Palabra
despreciada
Por Damián Tabarovsky
www.diarioperfil.com.ar, 5 de agosto de 2007
Muchas veces, la literatura se encuentra en la disyuntiva
de tener que elegir entre dos caminos: de un lado, repetir las formas,
cumplir con el mandato de la novela convencional, mantener el orden,
reproducir lugares comunes (los personajes deben estar bien construidos,
la prosa tersa, los
diálogos verosímiles). Es bastante poco probable que
ese tipo de literatura nos depare algo interesante pero, en cambio,
en cantidades abundantes, asegura el funcionamiento y la preservación
de la industria editorial, del mercado literario y de la prensa llamada
cultural.
Pero también hay otro tipo de literatura que se pregunta por
la forma (para ponerla en cuestión) y se interroga sin cesar
sobre las cuestiones básicas: cómo se escribe y cómo
se lee. Este segundo camino, adopta formas múltiples, diversas
y hasta contradictorias. Es por eso que la disyuntiva no es binaria.
No hay de un lado un camino y del otro, otro. Las cosas son de otro
modo: de un lado, un único camino; y del otro, infinitos.
Entre esos tantos modos antisolemnes, críticos y descentrados,
hay uno que consiste en entender la novela como un inmenso receptáculo,
una multiprocesadora, un reservorio de materiales diversos que, combinados,
funcionan de un modo implacable. Alguna vez Daniel Guebel dio esta
definición de su literatura: “De un lado, ingresa una serie
de materias primas bien reconocibles, y del otro, sale una cosa nueva,
que no se reconoce de dónde viene”. Dentro de esta tradición
extrema, acabo de leer dos novelas, ambas de jóvenes escritores
chilenos, que están entre lo más interesante que leí
últimamente (lamentablemente sus libros no se distribuyen en
Argentina, pero no dudo de que tarde o temprano circularán
por aquí).
Una es Caja negra, de Alvaro Bisama, publicada en Chile
en la editorial Bruguera en 2006. Nacido en 1975, columnista de la
Revista de Libros de El Mercurio,
la novela lleva un título programático: el texto es
una caja negra en donde confluyen fragmentos, impresiones, citas y
anotaciones, hasta el punto en el que es difícil reconocer
la existencia de una trama, de una progresión narrativa. Todo
cruzado con una impronta pop, deudora del humor del cómic.

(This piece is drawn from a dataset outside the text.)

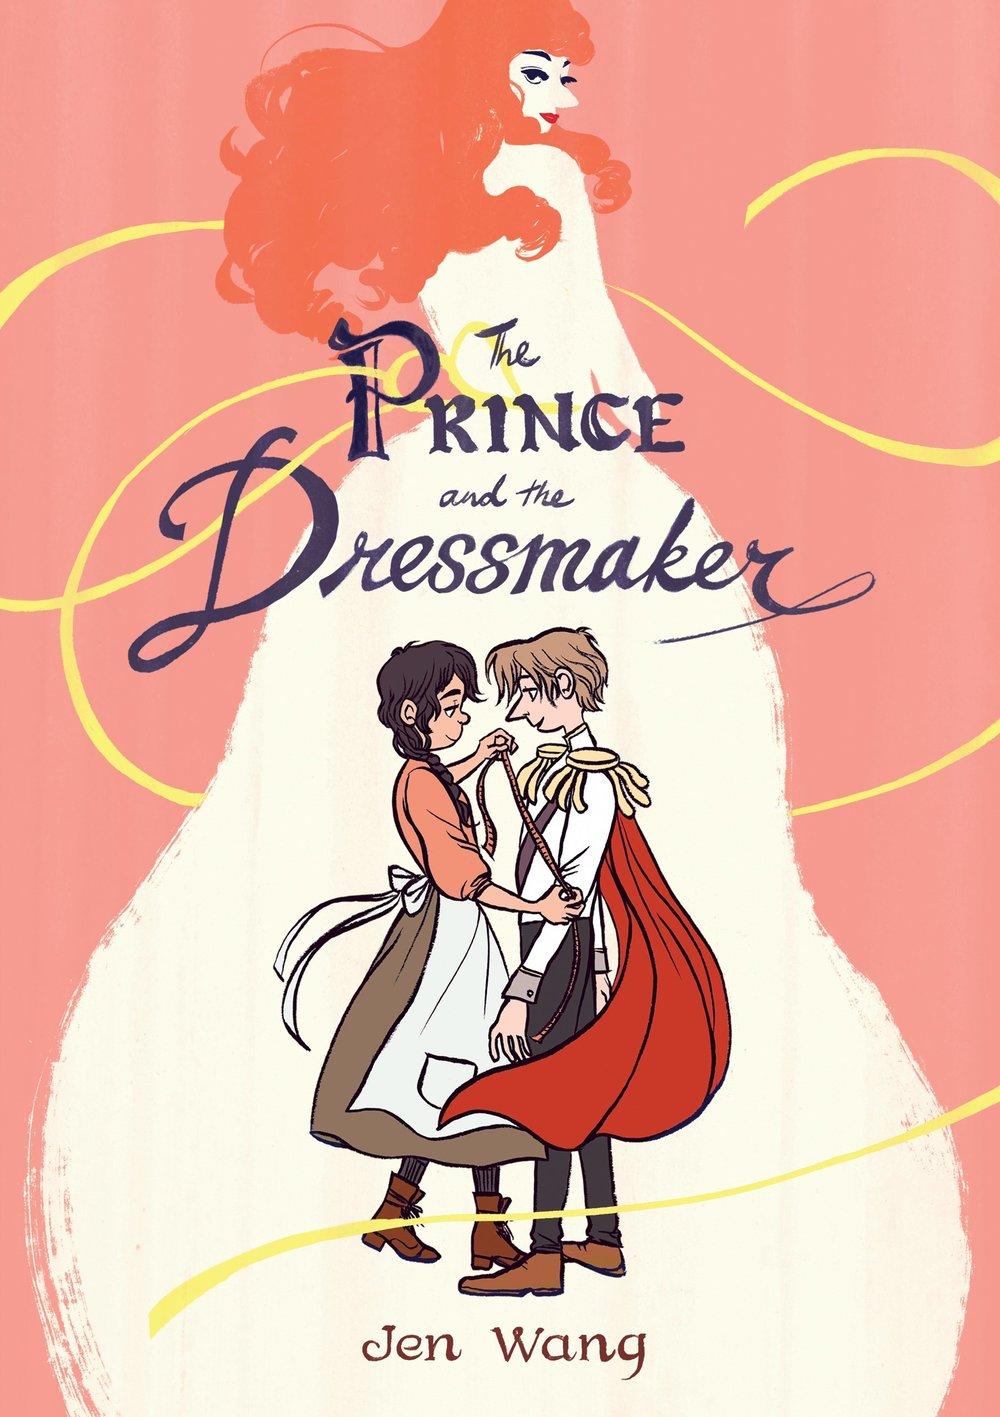 jen-wang-prince-and-dressmaker.jpg

Como si la novela de Bisama se instalara en ese punto en el que la
vida sirve para desembocar en un libro. O mejor dicho: libros hay
uno, pero vidas hay muchas. Por lo tanto, el libro se convierte en
la escritura de esa multiplicidad, de ese exceso de sentido. La novela
como una forma de la desmesura.
La otra novela es Navidad y Matanza, de Carlos Labbé,
publicada este año en España en la pequeña y
muy linda editorial Periférica. Nacido en 1977, Labbé
antes publicó la novela Libro de plumas. Navidad
y Matanza es una novela extraordinaria, por momentos perfecta.

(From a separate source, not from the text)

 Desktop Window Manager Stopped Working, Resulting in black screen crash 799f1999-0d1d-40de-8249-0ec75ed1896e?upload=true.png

En un artículo aparecido en Babelia, Labbé escribe:
“Un libro nos enfrenta a personajes de múltiples caras, que
son una sola”. Y así funciona su novela: como una interrogación
sobre los desdoblamientos de la identidad, sobre la bifurcación
de la trama y el arte de la digresión; como un rompecabezas
siempre incompleto o un juego de enigmas donde en realidad no hay
ningún enigma, ni tampoco ningún juego. La incerteza
como experiencia literaria.
También programático, el mencionado artículo
de Babelia está lleno de pistas para leer su propia obra. Primero,
la novela sobre la que Labbé eligió escribir: El
rincón de los niños, de Cristián Huneeus,
el texto más experimental de uno de los grandes excéntricos
de la literatura chilena. Y luego, la genealogía en la que
ubica a Huneeus: entre Mauricio Wacquez y Juan Emar, autores de novelas
tan geniales como extrañas. Genealogía que Labbé
construye bajo el paradigma del “anatema de la multiplicidad y la
evasión”, rasgos que describen a su propia novela. Y quizás
allí resida parte del encanto de ambos libros: en su dimensión
programática. Programático es una palabra hoy despreciada,
mal usada, y hasta olvidada, pero que sin embargo está en el
origen de lo más radical que dio la literatura moderna y contemporánea.